July 29, 2017 by Adam McCormack Leave a Comment

Review of: Mosquitoes
Price:
£32 (Only Friday 40 Tickets remain)

Reviewed by: Adam McCormack
Rating:
3
On July 29, 2017
Last modified:July 29, 2017

Summary:

A thought-provoking new play by Lucy Kirkwood with stupendous and innovative staging. Combining issues of the future of the universe with a family in trauma makes for a compelling evening, enhanced by dialogue that crackles and the performances of the highest calibre from Olivia Williams and Olivia Colman. In some respects the play tries to take on too much, with many layers of plot, and the science parts, while initially compelling, become a little laboured.

More Details

Alice is a brilliant scientist. She is not as brilliant as her mother, who really should have won the Nobel Prize given to her father (according to her mother), but smart enough to be involved in the search for the Higgs Boson, or so called “god particle”, at CERN. It is 2008 and Alice is preoccupied with the launch of the Large Hadron Collider and so has little time to focus on her sister who has lost a child, a mother who fears dementia and a deeply troubled son struggling with the disappearance of his father and life in an international school. Her sister Jenny is generally regarded as “thick” by her family, particularly her mother whom she looks after, and spends her time worrying about information that she finds on the Internet. Jenny constantly seeks reassurance and forgiveness from her family but rarely receives it.

At its heart Mosquitoes has a lot to tell us about sisterhood. The counterpoint of searching for the essence of the universe and its potential dramatic demise against the acutely painful turmoil of a family facing loss and upheaval is very effective. Sharp and well-observed dialogue, together with beautifully observed performances from Olivia Williams as Alice and Olivia Colman, pathetically comic as Jenny, ensures that, despite some highly complicated subject matter, this play is eminently watchable. The problem, however, is that fitting in so many layers of narrative when the science part is hard to grasp leaves a degree of confusion. Add to the narrative issues surrounding science and religion, MMR jabs and IVF and you are left with a lot to digest. Helped by tremendous stage effects, explanations by Alice’s errant husband, of the potential ways in which the universe might end, are brilliant, and Katrina Lindsay’s set design once again show how adaptable the Dorfman stage is to cutting-edge theatre. The innovative set manages to encapsulate the universe, the Large Hadron Collider, flats in Luton or Geneva – as well as gauche teenage Internet conversations. Nevertheless, the scientist’s return to the stage later leaves us facing overkill – you can’t create PhD scientists in under 3 hours.

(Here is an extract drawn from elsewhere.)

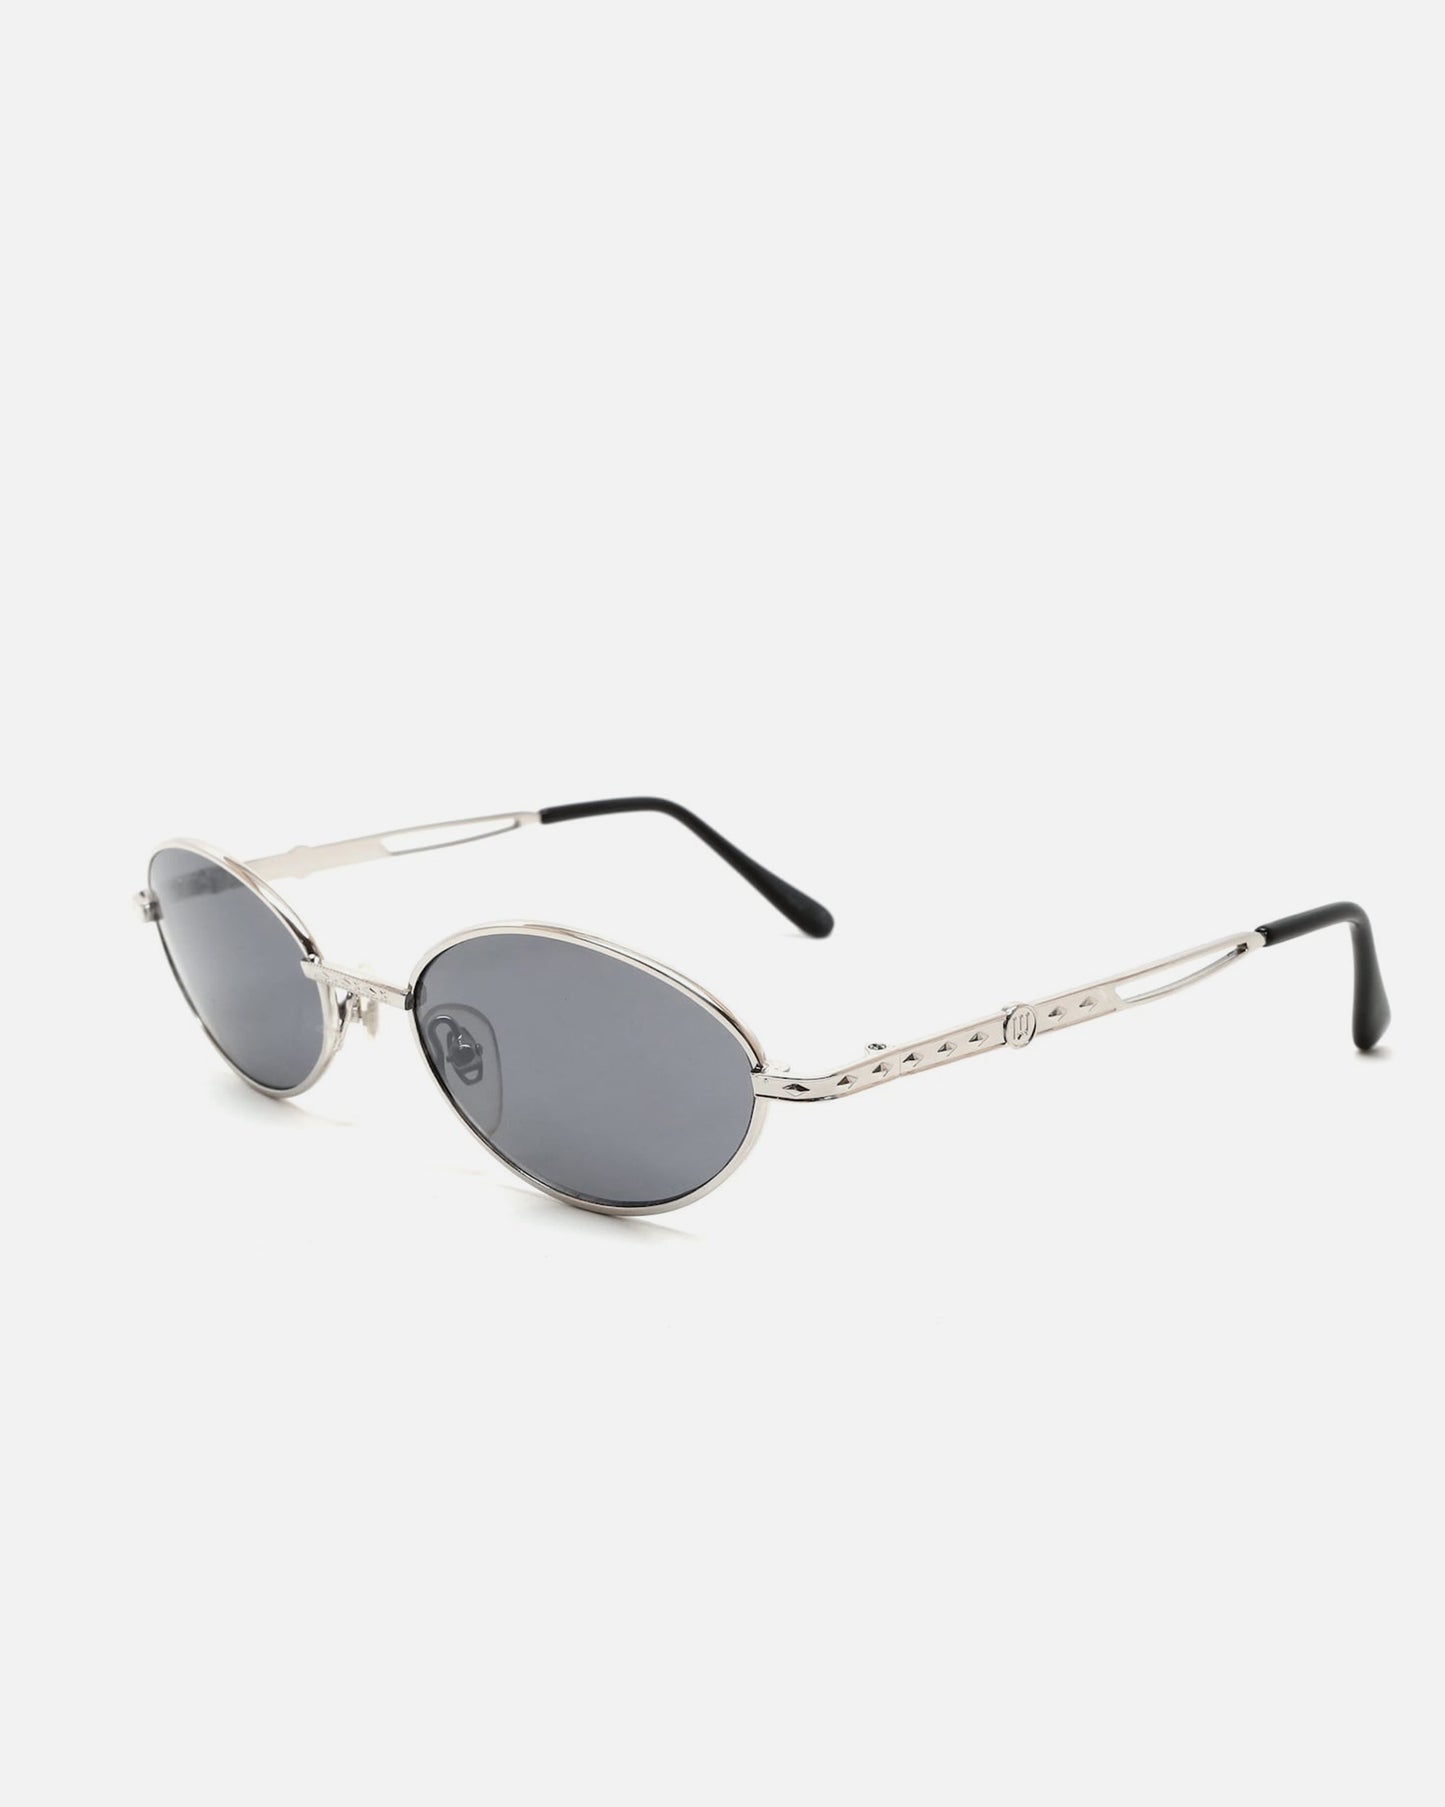 NOS Metal Frame Sunglasses

The complexities of the family issues, particularly when Alice’s son goes missing after an unfortunately sexting incident, risk overwhelming the broader themes of life, loss and the universe. Lucy Kirkwood wrote one of the best plays of 2015 with Chimerica, and is undoubtedly one of best writers we have. However here she may have taken on a little too much. Just as with Tom Stoppard’s efforts to explain the complexities of human consciousness in The Hard Problem, having superb dialogue delivered by the very best acting talent, more than ably directed by Rufus Norris, cannot overcome the difficulties of an overly intricate plot and tough to understand subject matter.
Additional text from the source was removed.